The scheme was regulated by the UN from the outset but, say US investigators, it contained a fundamental flaw: Saddam was allowed to choose the people to whom he sold the oil and also the people from whom the food and other humanitarian aid was bought.
All the money involved in these transactions was held by the UN but the arrangement nevertheless gave Saddam room to reward people outside Iraq. It provided a “splendid opportunity to develop influence”, said the report.
Saddam’s trump cards were the oil allocations or “vouchers” that he was allowed to distribute. These pieces of paper entitled the holder to a certain amount of Iraqi oil at a fixed price.
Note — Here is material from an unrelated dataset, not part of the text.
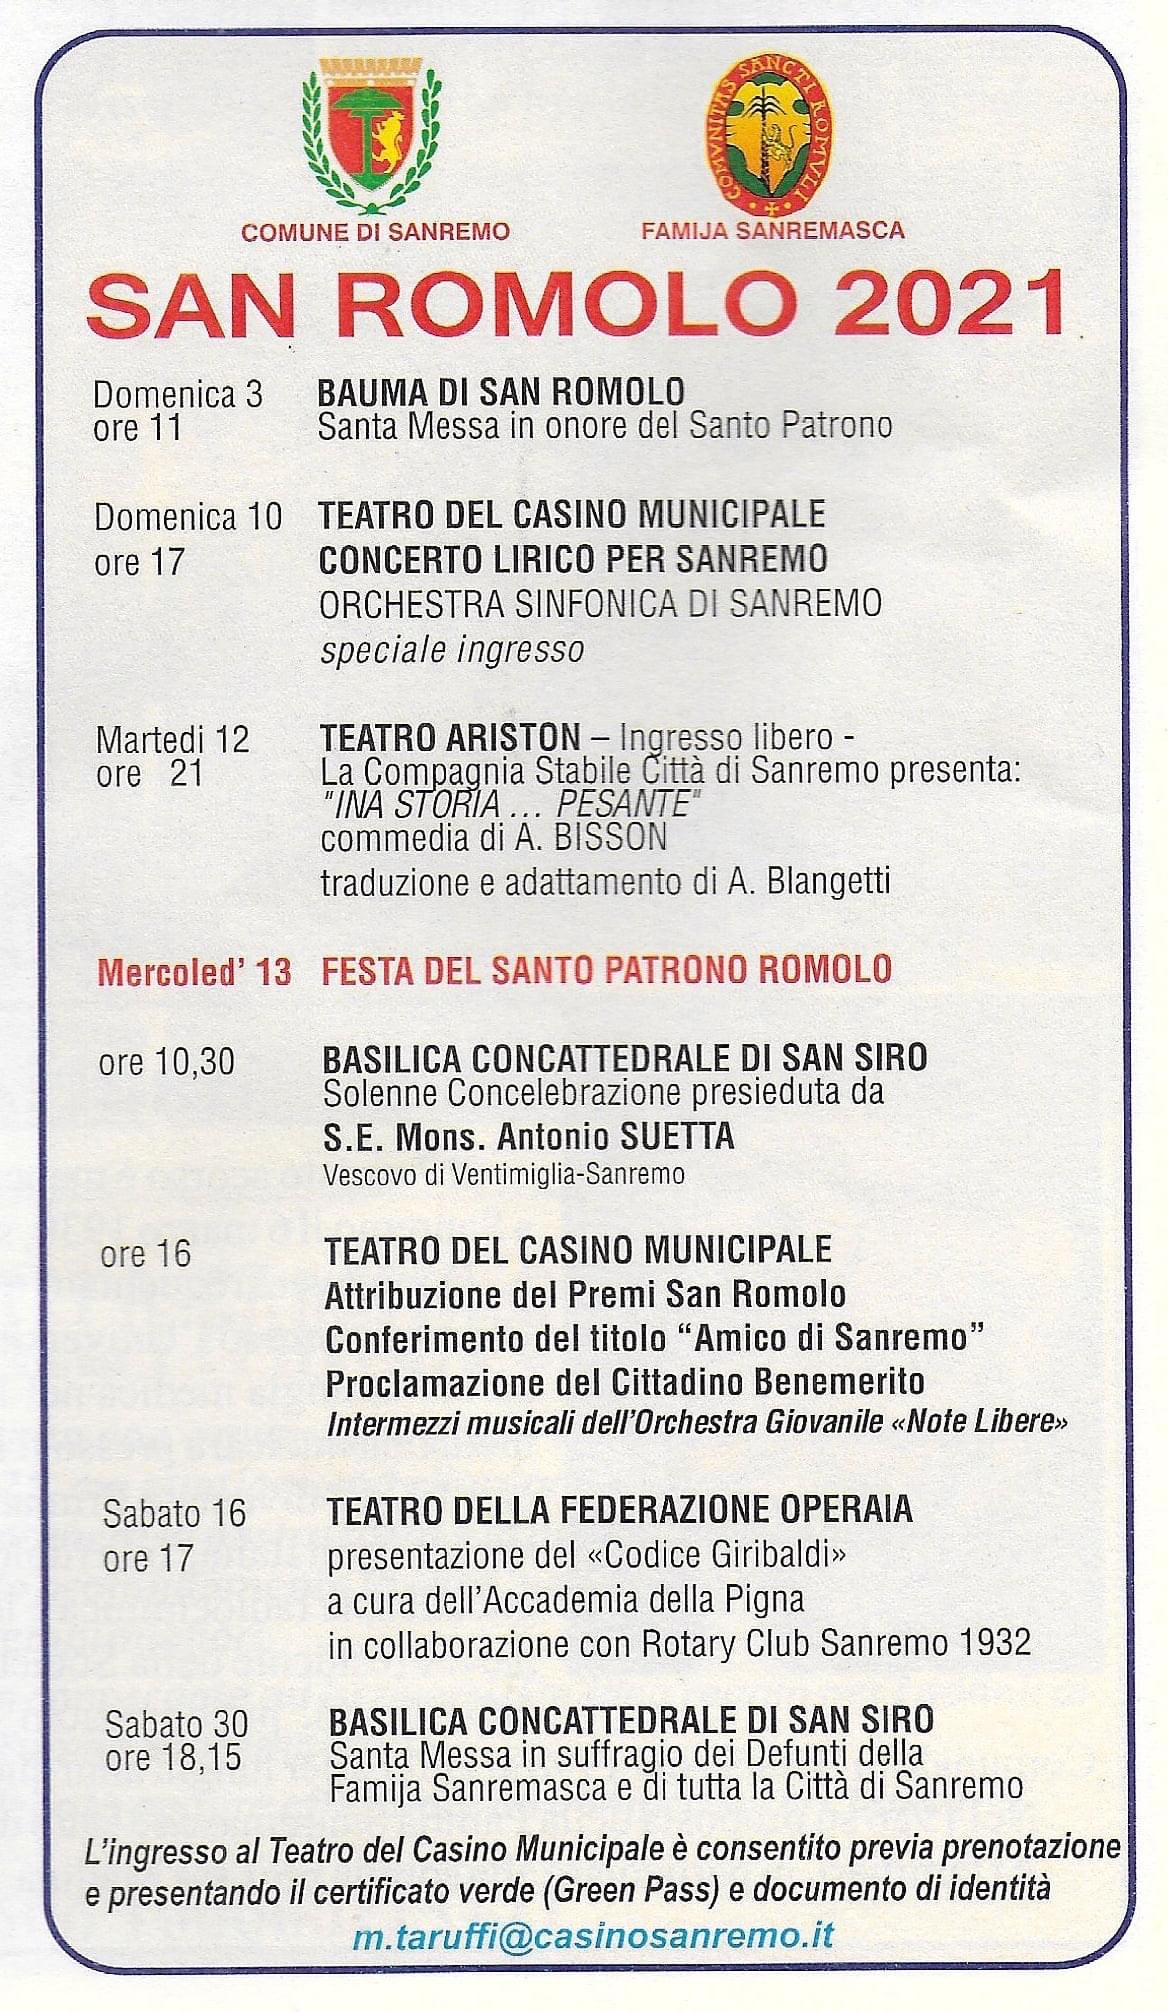 San Romolo 2021

By selling them on the international oil market, the voucher-holders could make a quick and virtually invisible profit. In effect, the vouchers were as good as cash, enriching anyone who could get hold of them.
According to the ISG report last week: “The UN (oil-for-food) voucher programme provided Saddam with a useful method of rewarding countries, organisations and individuals willing to co-operate with Iraq to subvert UN sanctions.”
The three biggest recipients of vouchers were Russia, France and China, which received 30%, 15% and 10% of the total respectively. Among the individuals named are the French businessman Patrick Maugein, whom the report says is considered “a conduit to President Chirac”, and Charles Pasqua, the former French interior minister.
Russian’s said to have participated in the scheme included Alexander Voloshin, the president’s chief of staff at the time, and a former fuel and energy minister. The president of Indonesia and political parties in India, Asia and Africa also feature. All those named deny involvement.
On the flip side of the deal, Saddam made money for himself and his regime by choosing the companies that provided the humanitarian aid in return for the oil. Here the trick was for Iraq to pay over the odds for sub-standard produce on the understanding with the supplier that he would receive a kickback of about 10% of the surplus cash.
The whole episode casts a dark shadow over the UN which was supposed to police the scheme.
But did the scheme work, as the Americans claim, allowing Saddam to alter world opinion with the aim of getting sanctions lifted altogether? Certainly France, Russia and China continually resisted American and British attempts to tighten up the sanctions scheme. These countries were also the most reticent when it came to going to war.
On the other hand, the same three countries had always, for a long time, been more sympathetic to Iraq than America and Britain. In France last week, politicians and media commentators seemed perplexed that America should now accuse them of having been sold a pup.
In the prime minister’s office, one official said “It’s politics at its worst. They’re using this to get back at France for going against them in the war. It’s pitiful. To make the verdict that there were no weapons of mass destruction more palatable, it has to be accompanied by an assault on the French.”